Game On by Calvin Slater; Kensington
Xavier Hunter hoped his senior year would be bad news-free. His old enemy is finally in lockdown and Xavier is out from under one mad-crazy relationship disaster. And he’s cool with his dream girl, Samantha Fox, dating other guys because fair is fair–he hasn’t been a saint. But he’s not hearing anything good about her new man, Sean. And showing Samantha the truth could be the one game Xavier can’t win. . . With graduation and college coming up fast, Samantha has been thinking hard about her future. Maybe she and Xavier have too much baggage to get back together. And Sean is a chance to see things fresh and figure out what she really wants. So she doesn’t need Xavier telling jealous lies–especially when the drama he’s lighting up could crash and burn their futures for good. . . (ages 12 and up)

Show and Prove by Sofia Quintero; Knopf
The summer of 1983 was the summer hip-hop proved its staying power. The South Bronx is steeped in Reaganomics, war in the Middle East, and the twin epidemics of crack and AIDS, but Raymond “Smiles” King and Guillermo “Nike” Vega have more immediate concerns. Smiles was supposed to be the assistant crew chief at his summer camp, but the director chose Cookie Camacho instead, kicking off a summer-long rivalry. Meanwhile, the aspiring b-boy Nike has set his wandering eye on Sara, the sweet yet sassy new camp counselor, as well as top prize at a breakdancing competition downtown. The two friends have been drifting apart ever since Smiles got a scholarship to a fancy private school, and this summer the air is heavy with postponed decisions that will finally be made.
Raw and poignant, this is a story of music, urban plight, and racial tension that’s as relevant today as it was in 1983. (ages 12 and up)

Shadows of Sherwood (Robyn Hoodlum series) by Kekla Magoon. Bloomsbury USA.
The night her parents disappear, twelve-year-old Robyn Loxley must learn to fend for herself. Her home, Nott City, has been taken over by a harsh governor, Ignomus Crown. After fleeing for her life, Robyn has no choice but to join a band of strangers-misfit kids, each with their own special talent for mischief. Setting out to right the wrongs of Crown’s merciless government, they take their outlaw status in stride. But Robyn can’t rest until she finds her parents. As she pieces together clues from the night they disappeared, Robyn learns that her destiny is tied to the future of Nott City in ways she never expected.
Kicking off a new series with an unforgettable heroine, readers will be treated to feats of courage and daring deeds as Robyn and her band find their way in this cruel, new world. (ages 8-12)

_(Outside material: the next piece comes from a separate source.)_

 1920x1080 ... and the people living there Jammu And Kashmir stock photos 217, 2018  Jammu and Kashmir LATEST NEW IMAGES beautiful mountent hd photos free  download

Billy Buckhorn Supranormal (Pathfinders) by Gary Robinson; 7th Generation
Billy Buckhorn’s uncanny intuition became apparent at an early age. In the course of this exciting series, Billy’s supernatural abilities grow and develop, and his reputation as a gifted “holy man” in the Old Way spreads throughout the Cherokee Nation. In book three, Supranormal, Billy and his grandfather face a deadly, ancient beast that’s poised to take control of the world. While Wesley and Billy summon aid from the spirit realms, Billy’s father, a college professor, puts together an archaeological team to help out—and to document the unprecedented things they’ve seen and experienced. But even with everyone pulling together, can they stop Uktena? (ages 12-16)

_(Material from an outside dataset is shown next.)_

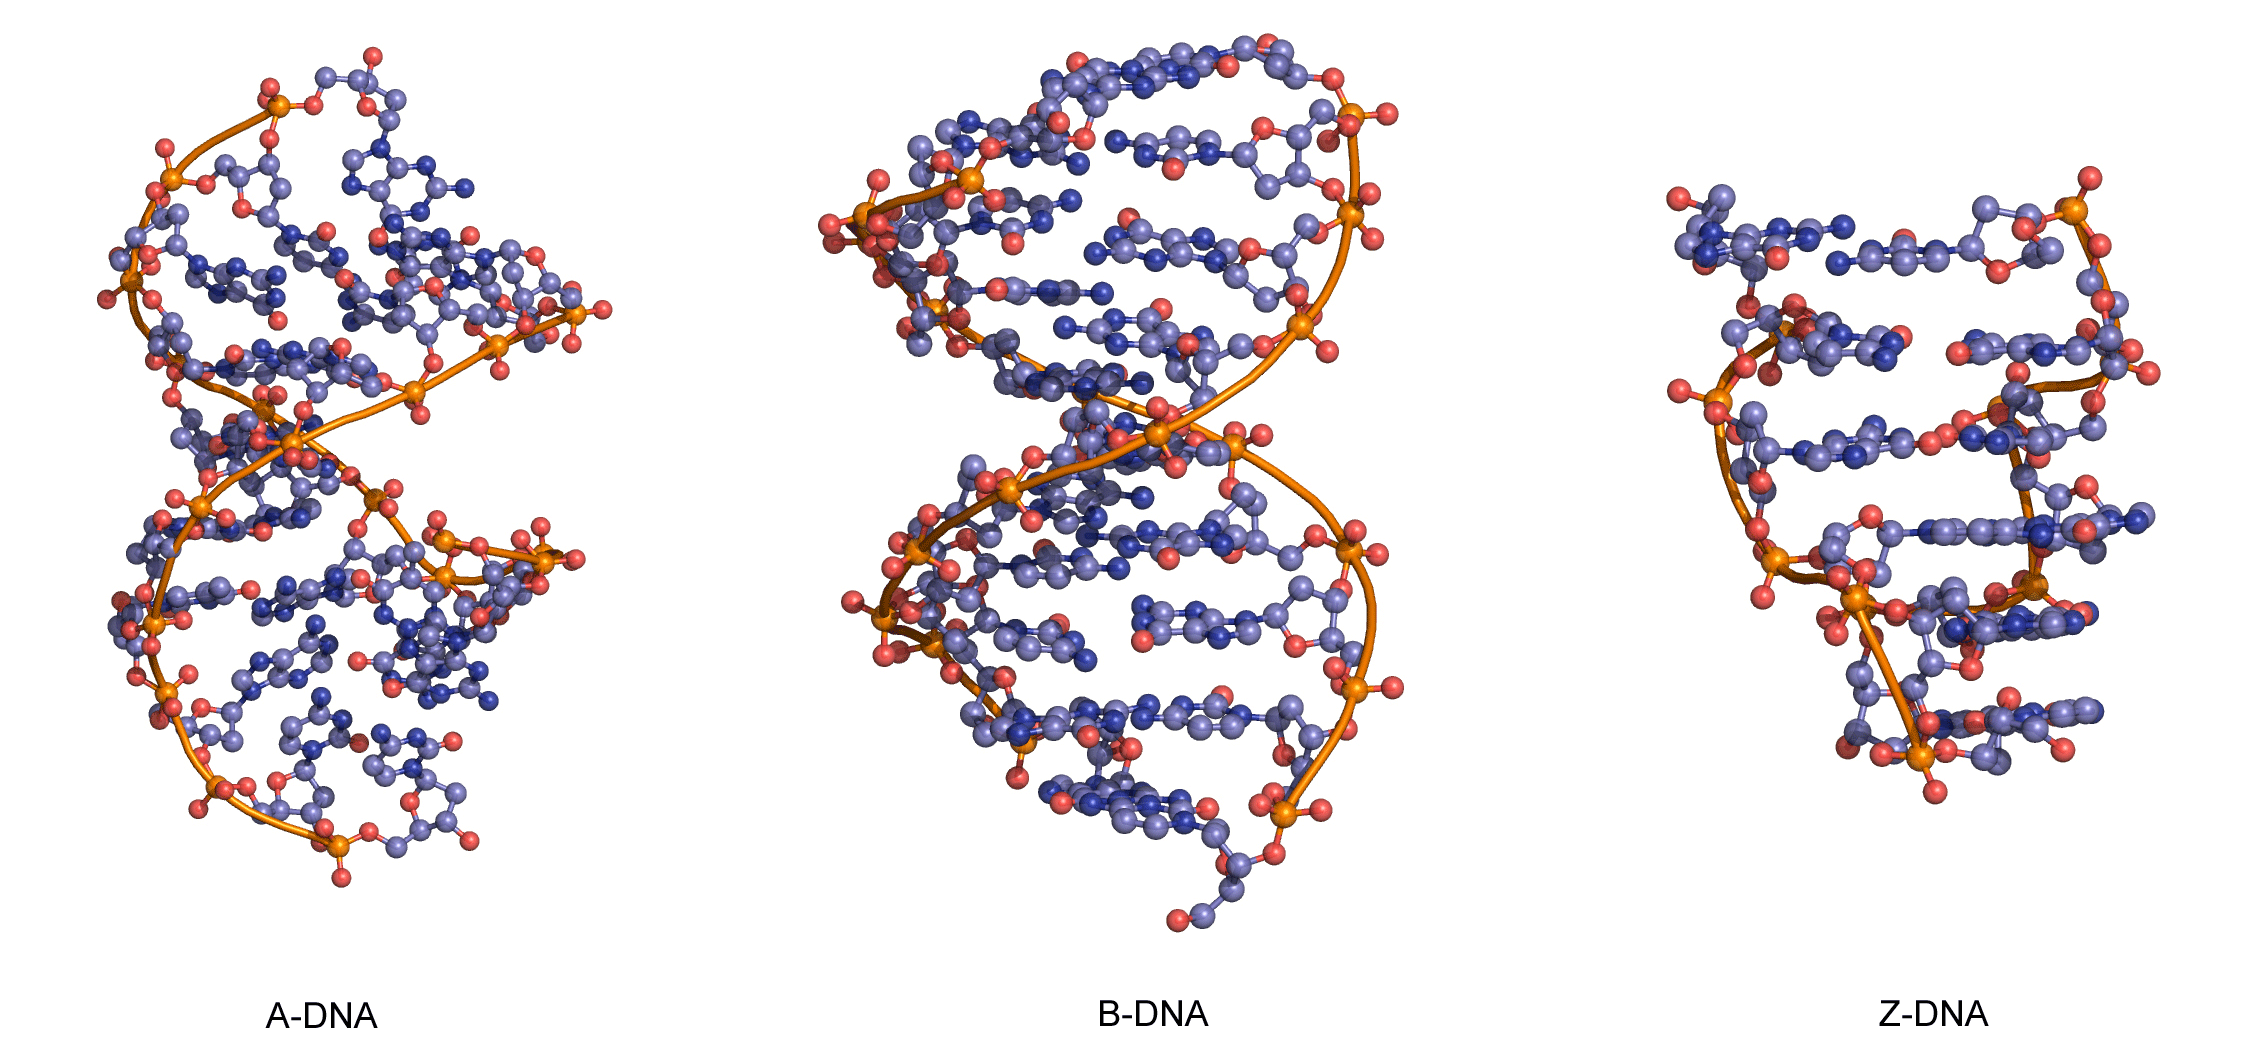 Three-dimensional structures of A-DNA, B-DNA and Z-DNA

Fire Fight (Pathfinders) by Jacqueline Guest; 7th Generation
After her ikusin (grandmother) dies, Kai Hunter, a part Navajo, part Stoney Nakoda sixteen-year-old, runs away to Banff, Alberta, to avoid being placed in a foster home. Kai lies her way into a new identity, a job and a safe place to live. She makes new friends and volunteers with a rapid-attack crew for the forestry service. She even meets a great guy named Rory, who’s into motorcycles, just like her—and who seems to be into her too.
But Kai is scared of being found out, and she isn’t sure that she can trust all of her new friends…or that she likes the person she’s pretending to be. Meanwhile, she’s got to pay rent, figure out whether Rory is boyfriend material and assist the rap-attack crew as it faces a string of suspicious forest fires. In the thrilling conclusion to this romantic adventure, Kai’s choices become matters of life and death. (ages 12-16)

Moving Target by Christina Diaz Gonzalez; Scholastic
In this exciting and action-packed adventure by an award-winning author, a young girl discovers her secret ancient bloodline. The fate of her family, and the world, may rest in her hands… Cassie Arroyo, an American studying in Rome, has her world ripped apart when someone tries to kill her father, an art history professor at an Italian university. Is she their next target? (ages 8-12)

Interview: Lyn Miller-Lachmann

Lyn Miller-Lachmann’s books include Rogue, Gringolandia and Surviving Santiago, the recently released sequel to Gringolandia. Here, Tina returns to Chile, to her homeland and to her father for her summer vacation. Chile is in turmoil lynunder the rule of Pinochet and her father spends more time fighting for justice than getting to know his daughter. While Lyn is also a champion for social justice, she has managed to balance motherhood, writing, translating, editing, Lego-ing and even blogging. Her most recent post, “On Flags and Diverse Books: How We Can Make Attention” calls attention not only to the price paid to get the flag removed from the state house in South Carolina, but it also looks at Jet Blues attempt to improve literacy in urban areas by providing free books that lack characters of color or Native Americans. She urges readers to visit Zetta Elliott’s blog and sign the letter.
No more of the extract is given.